Andando alla "superentità" di cui parla la seconda parte della poesia, essa è la Risposta, o meglio "Quelli che rispondono", mentre la prima parte è la domanda, ovvero "Quelli che domandano". Tirando le somme, le superentità sono due, una il rovescio dell'altra, ma entrambe la stessa moneta di ferro (il rimando dell'intera poesia è, infatti, la poesia "La moneta di ferro" di Borges, che - se volete - sarò lieta di citare nel prossimo capitolo. Non in questo, perchè al momento non ce l'ho sottomano e perchè ho già sproloquiato abbastanza, raggiungendo lunghezze inusitate.).
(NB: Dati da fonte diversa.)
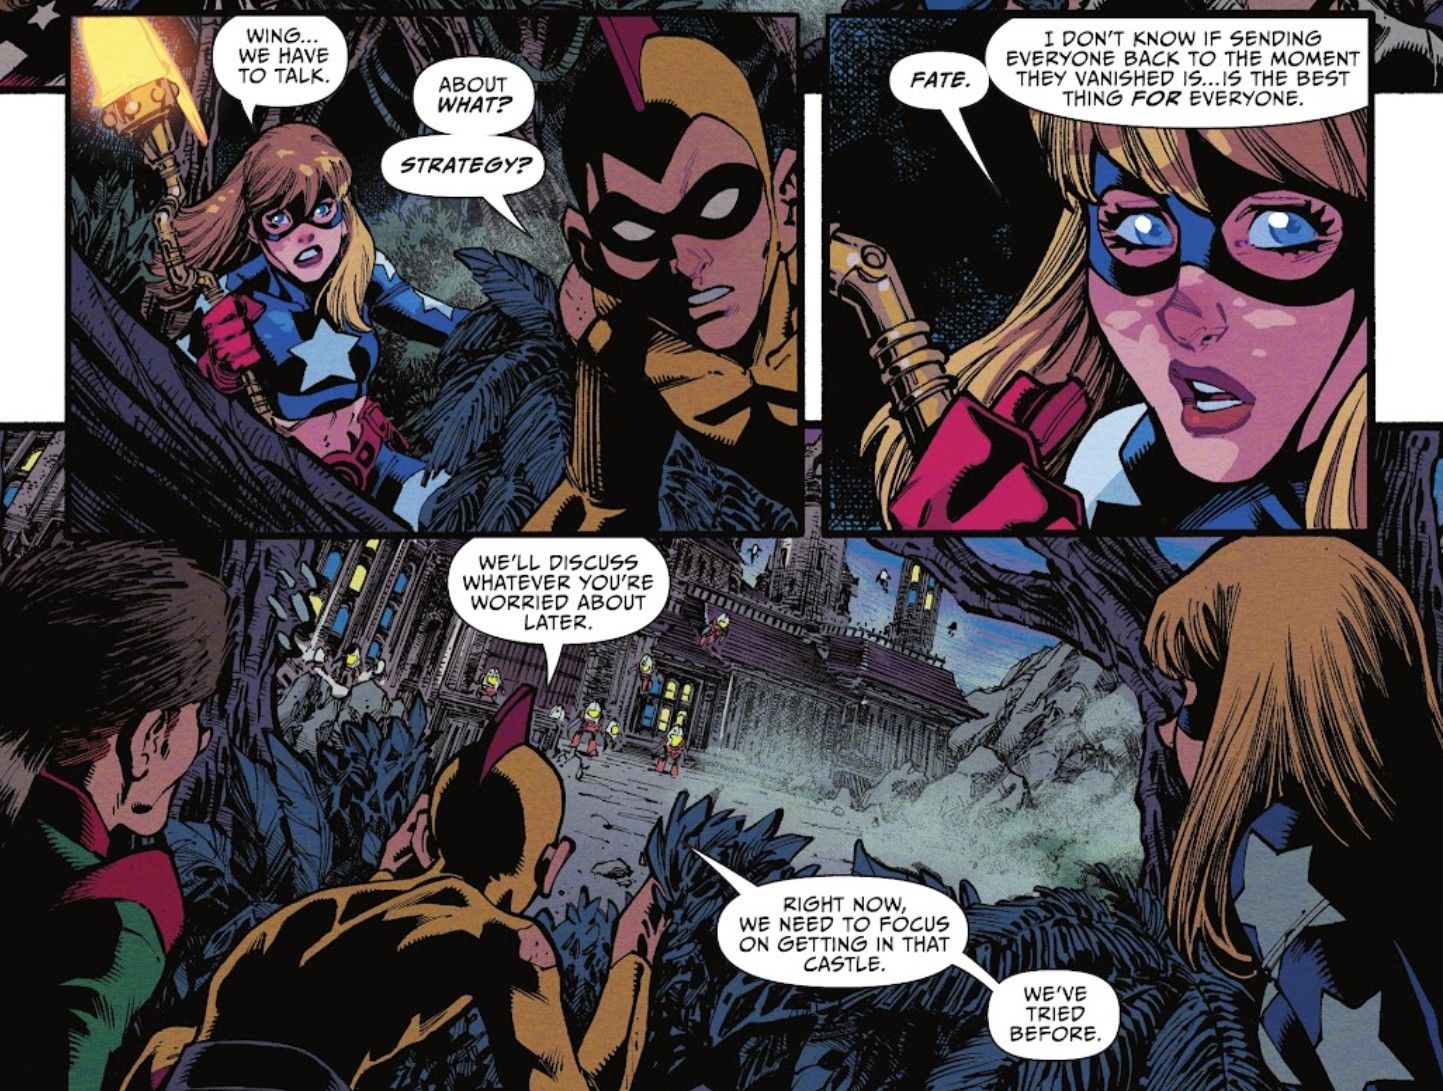 Stargirl Admits She Doesn't Think Sending DC's Lost Sidekicks Back Is the Best Choice
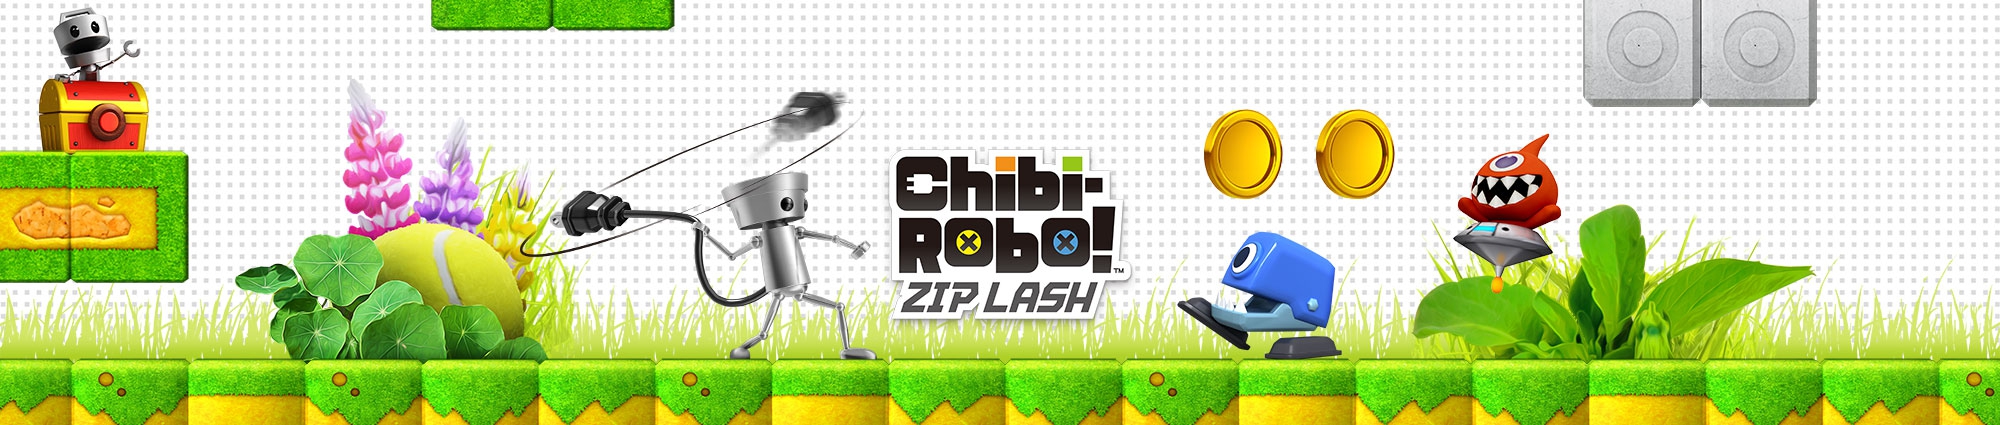 Banner Chibi-Robo Zip Lash

Insomma, detta in due parole, su answers c'è gente che domanda e gente che risponde: chi domanda spesso fa sentire un po' sconfitto e un po' disilluso chi risponde, il quale, per sua definizione, altrettanto spesso tende a sentirsi superiore a chi domanda. Ma chi domanda e chi risponde sono, in fondo, le stesse persone: quello che risponde una volta o l'altra domanderà a sua volta, e anche nel caso in cui mai domandasse qualcosa, avrà almeno una volta nella vita pensato come quelli che domandano.
Lo Specchio Oscuro è un riferimento ai romanzi di Jaqueline Carey, ed è l'opposto - evidentemente - dello specchio luminoso. Ognuno ha entrambi dentro di sé, e ci sarebbe molto da dire al riguardo, ma ho già sforato da un pezzo, e comunque meriterebbe un discorso a parte. E' molto più facile che intuiate piuttosto che io vi spieghi come si deve, perciò, avendo più fiducia in voi che nelle mie parole, vi lascio a voi stessi.
Un ulteriore riferimento probabilmente è alla Verità di Fullmetal Alchemist, in una versione più pallida e squallida. Tutto questo è piuttosto ironico.
E ora, dopo avervi rotto le scatole per un numero criminale di righe, e rinnovandovi il permesso di portarmi al manicomio, vi lascio. Non vorrei che mi scuocesse la pasta.